2. Auditors who recommend amortizing over the life of a new debt issue caution that reimbursing has to take place due to lower existing interest rates or expected higher rates of interest (Carmichael and Graham, 2010). This method fosters the chief motivation for reimbursing as setting up a more promising rate of interest over the period of the new issue.
3. Recognizing the difference on reimbursing is the same as the difference on other prompt terminations (Carmichael and Graham, 2010). Auditors argue that organizations should recognize this difference in income in the term of the termination.

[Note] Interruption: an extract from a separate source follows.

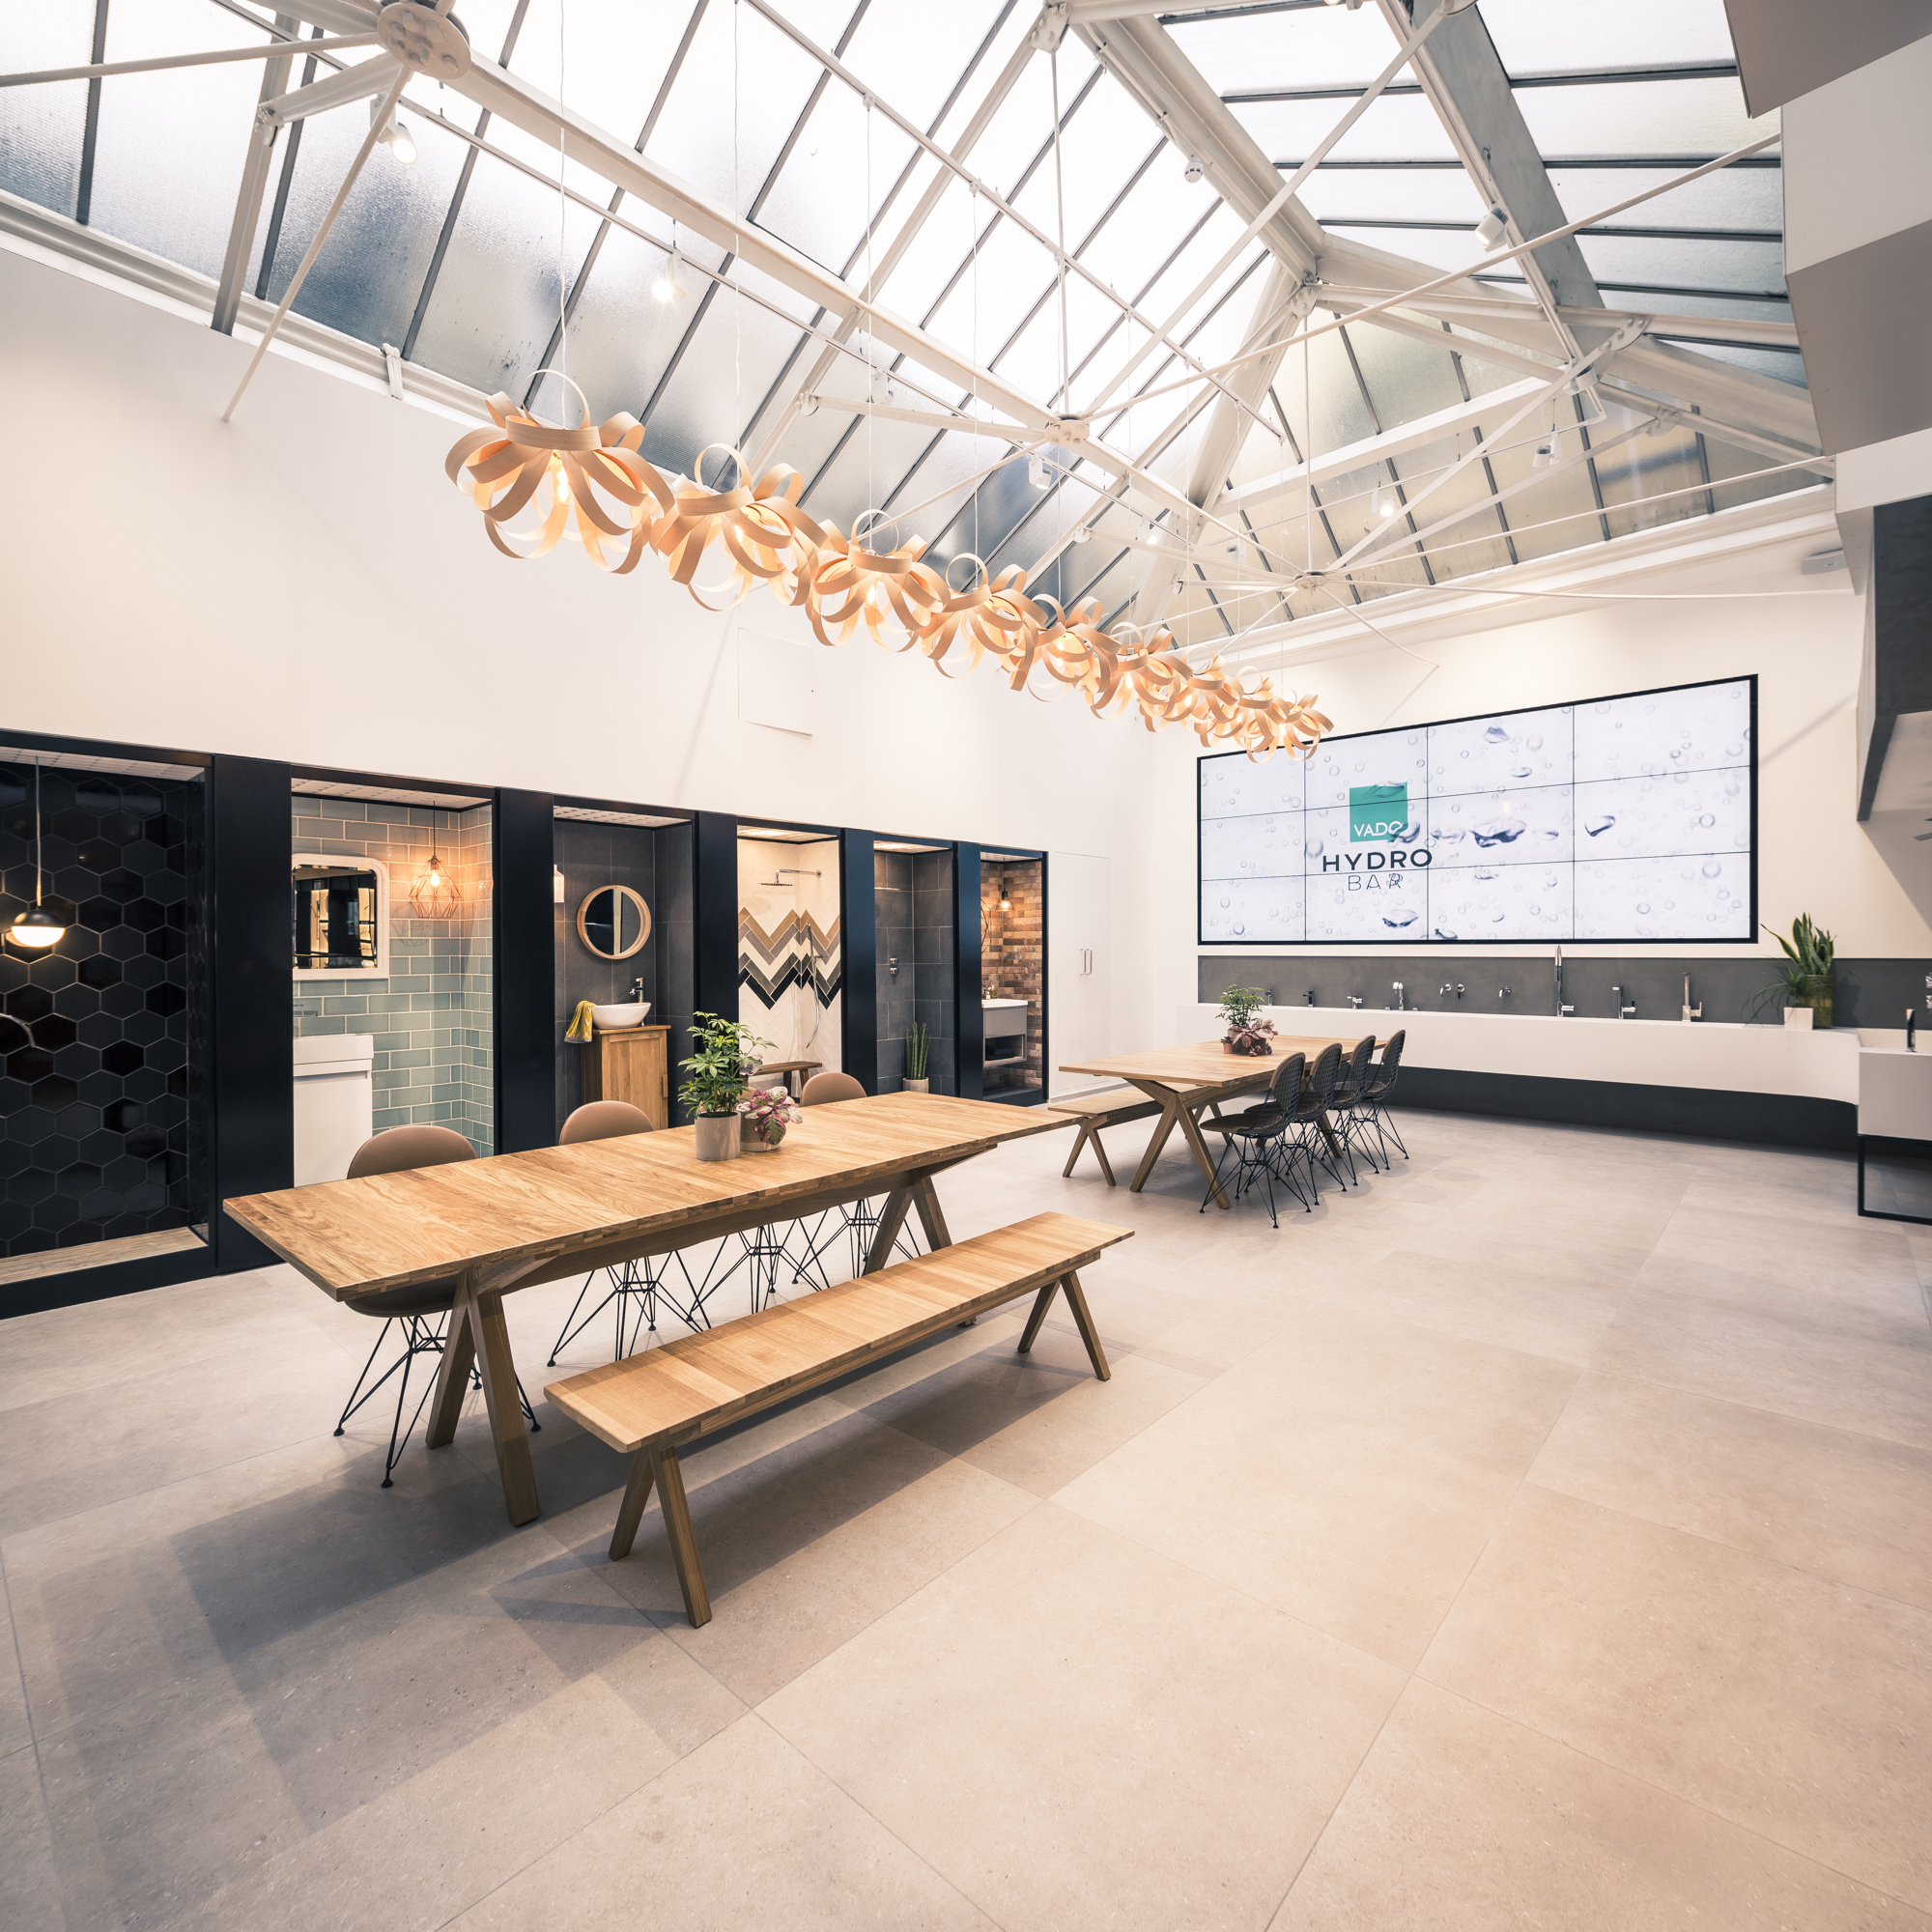 Mat Lab Refurb Wide Interiors Instagram-04.jpg

The third method makes practical sense since it is the only argument where an accountant records the whole difference when the particular agreement is extinguished. This process affects previous terms when the agreement was valid. However, the third method is the generally accepted one (FASB, 1972). This is because many accountants contend that the recognition of this difference might compel an organization to record returns by borrowing funds at high rates of interest to settle discounted, low-rate debts.
Question 2
I favor the first option because it takes into account equity categorization for a part of or the entire outstanding convertible debt issue. As a result, the first option is suitable for fiscal auditing and reporting from a tax point of view (Grant Thorton, 2013). Instruments with the features of both equity and liability categorizations are compound. The first option also qualifies as a requirement for the categorization of fiscal tools (Schneider et al., n. d.).
References
Carmichael, D. R. and Graham, L. (2010). Accountants Handbook. New York, NY: John Wiley & Sons.
FASB. (1972). APB 26: Early Extinguishment of Debt. FASB. Retrieved from http://www. fasb. org/cs/BlobServer? blobkey= id&blobnocache= true&blobwhere= 1175820898212&blobheader= application/pdf&blobcol= urldata&blobtable= MungoBlobs
Grant Thorton. (2013). Liability or equity? Grant Thornton International Ltd. Retrieved from http://www. grantthornton. com. au/files/liability_or_equity_guide_march_2013. pdf
Schneider, D. K., Schisler, D., Mccarthy, M. G., and Hagler, J. L. (n. d.). Equity Classification of Convertible Debt? Tax and Cash Flows Considerations. Journal of Applied Business Research, 11(4), pp. 64-72.